Varankow made his official debut for DPMM on 3 March away to Home United when he scored in the 21st minute for the only goal of the game. He would then made himself known to everyone in his fifth game against Balestier Khalsa, hitting the back of the net five times in a 1–7 victory.

The one month break proved detrimental for DPMM who proceeded to lose to Tampines Rovers right after the league resumed. This also marked a barren spell for Varankow who suddenly could not score for the next five games before being taken off injured at half-time in a 3–1 defeat to Hougang United on 19 July. With Hougang catching DPMM on the league table and their striker Faris Ramli scoring for fun, the mid-season acquisition of brothers Adi Said and Hakeme Yazid Said cushioned the blow of Varankow's absence for DPMM in a morale-boosting 3–0 win against Geylang International.

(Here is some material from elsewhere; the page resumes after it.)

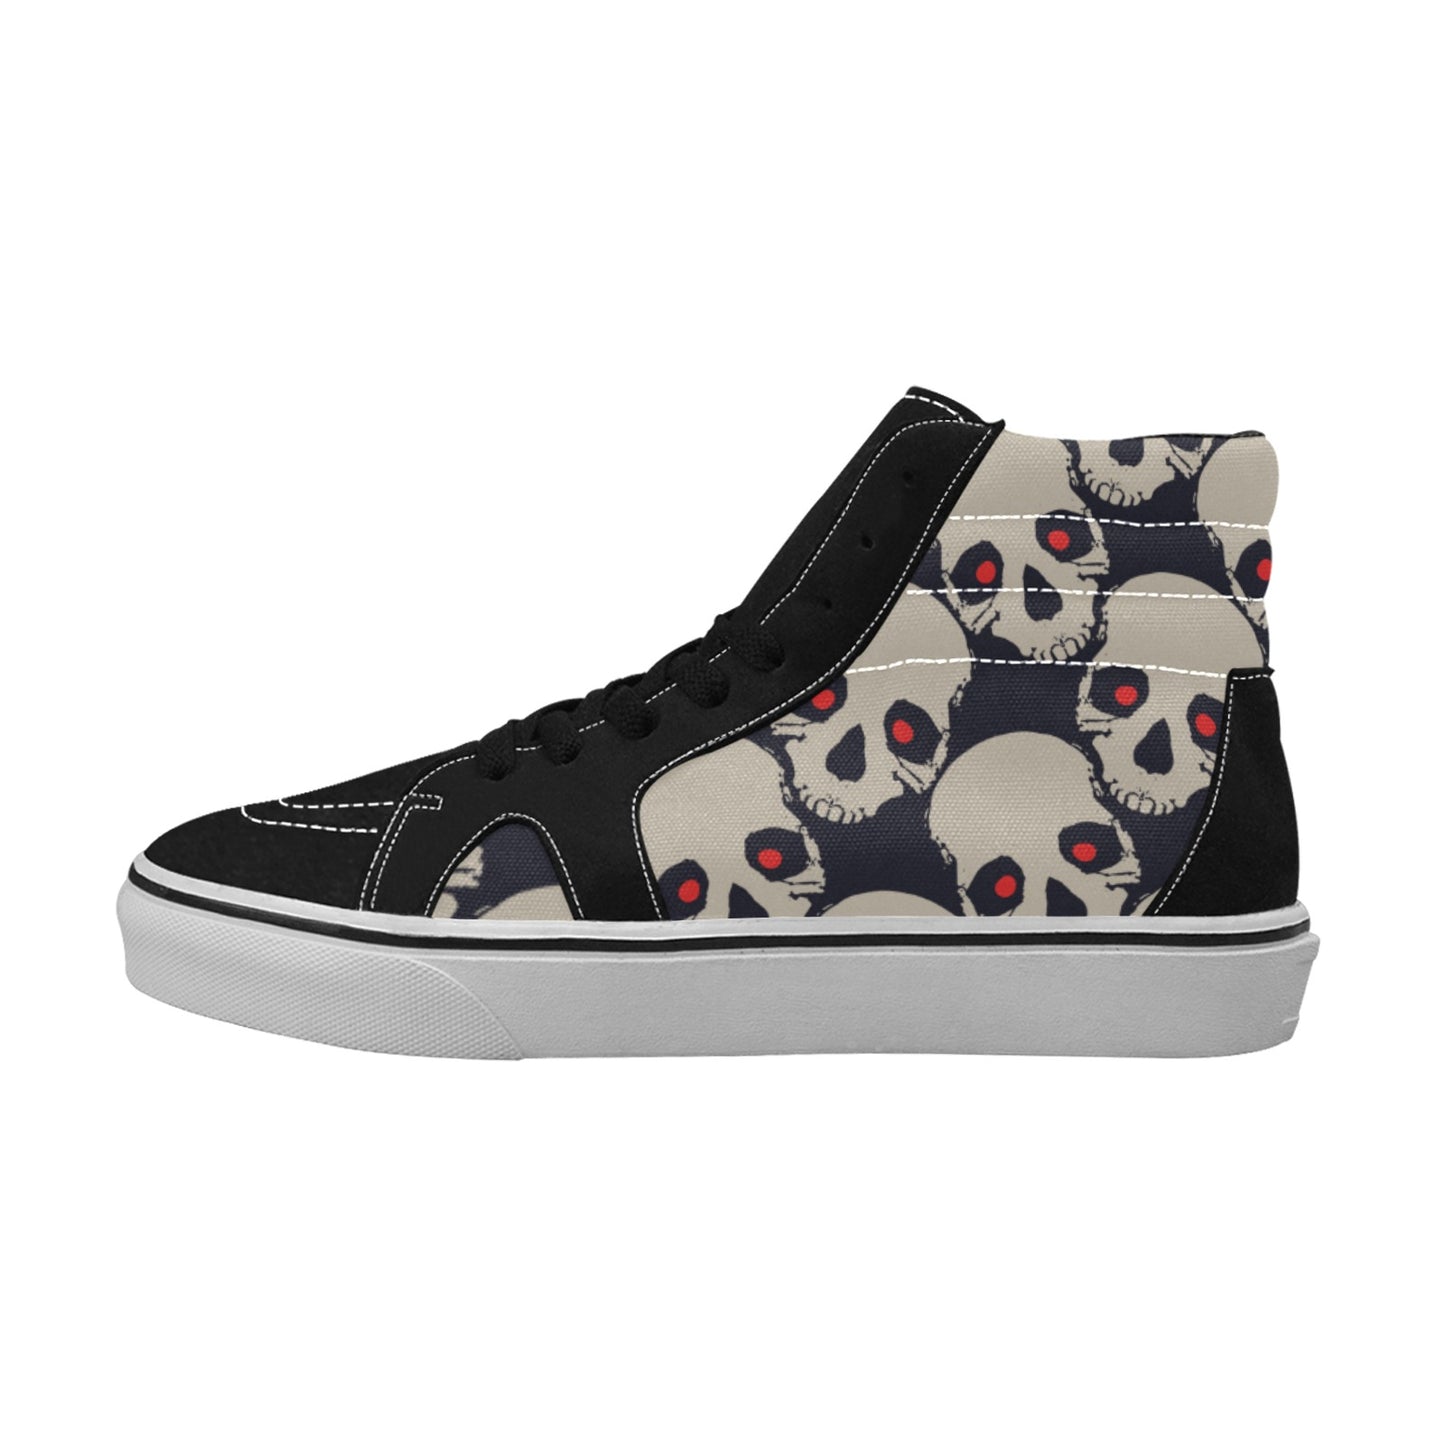 Red Eyed Skulls High Top Canvas Shoes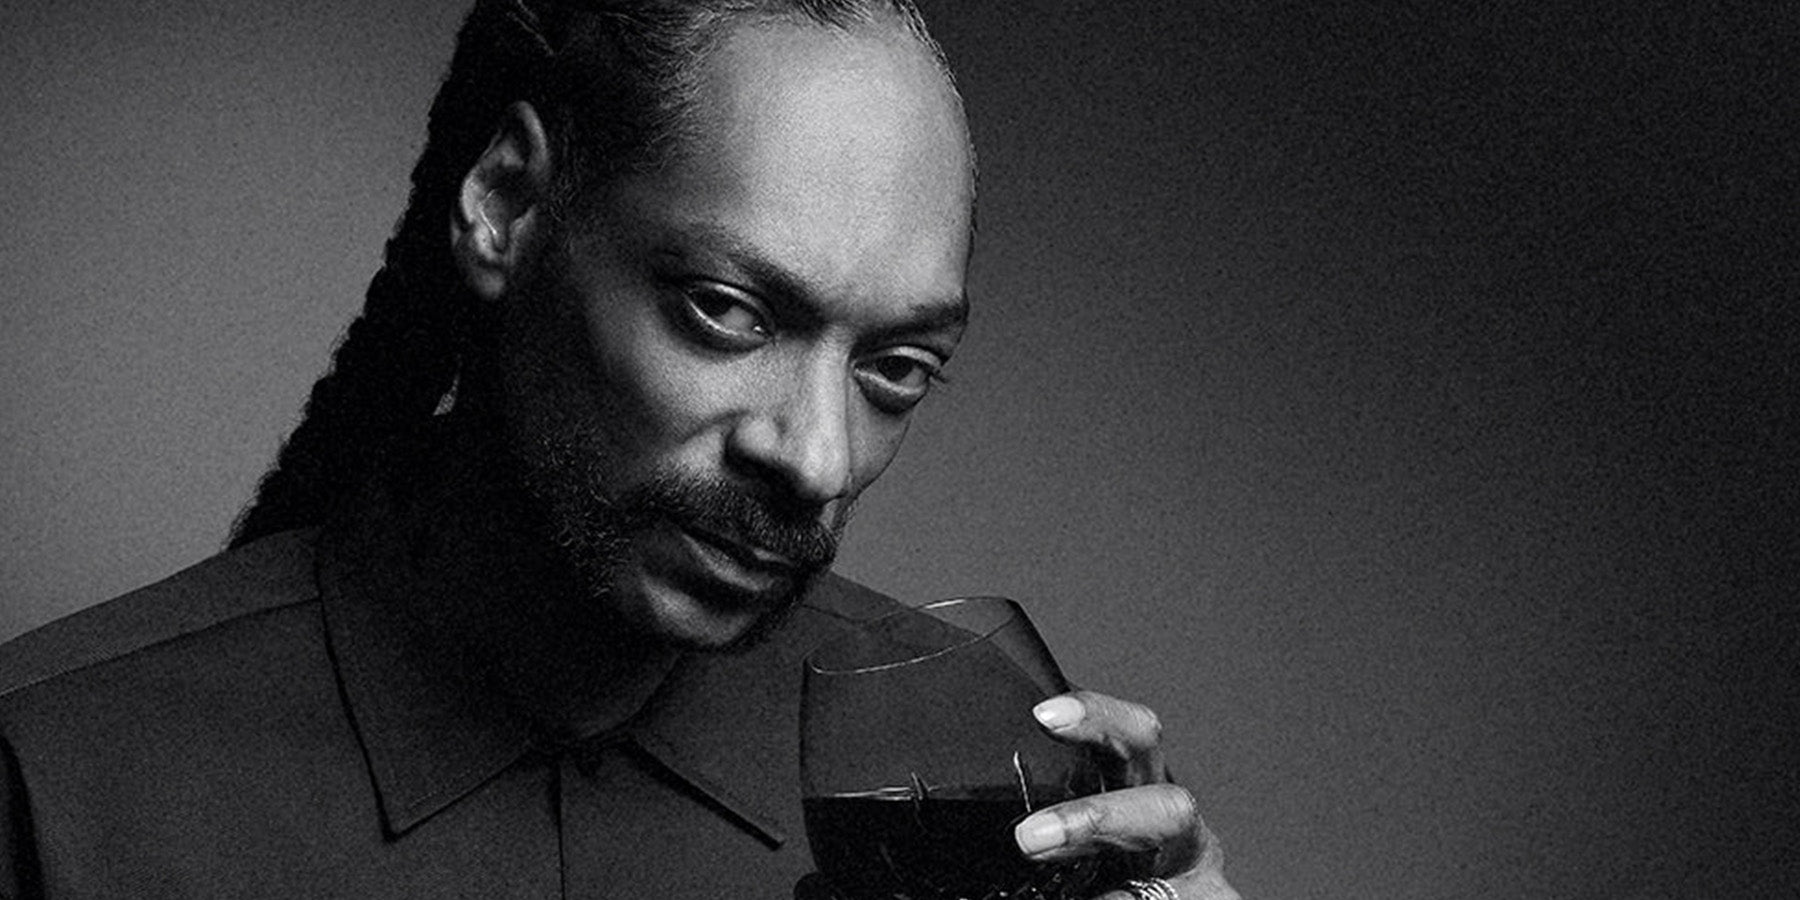 Snoop Dogg drinking Cali Red

Varankow rediscovered his scoring boots upon his return in September, netting a brace in a 1–4 victory over Balestier Khalsa which included a powerful free-kick into the bottom corner. A fortnight later, he scored a hat-trick against Warriors FC to pull DPMM ahead of the pack in the title race. The following day, title rivals Hougang faltered in a 4–4 draw to Geylang which sealed DPMM as league winners. Varankow finished the season as top scorer with 21 goals as well as joint-highest number of assists with 10.

In 2021, DPMM elected to play the 2021 Brunei Super League using their first team. Varankow made his domestic league debut on 27 June, scoring a hat-trick against BAKES FC in a 16–1 victory. He then scored four goals in a 15–0 romp of Rimba Star FC the following fixture, then scored seven in the 13–0 demolishing of BSRC FC on 11 July. He continued his barrage of strikes against Bruneian clubs with six goals in a 8-0 win over Wijaya FC on 25 July. 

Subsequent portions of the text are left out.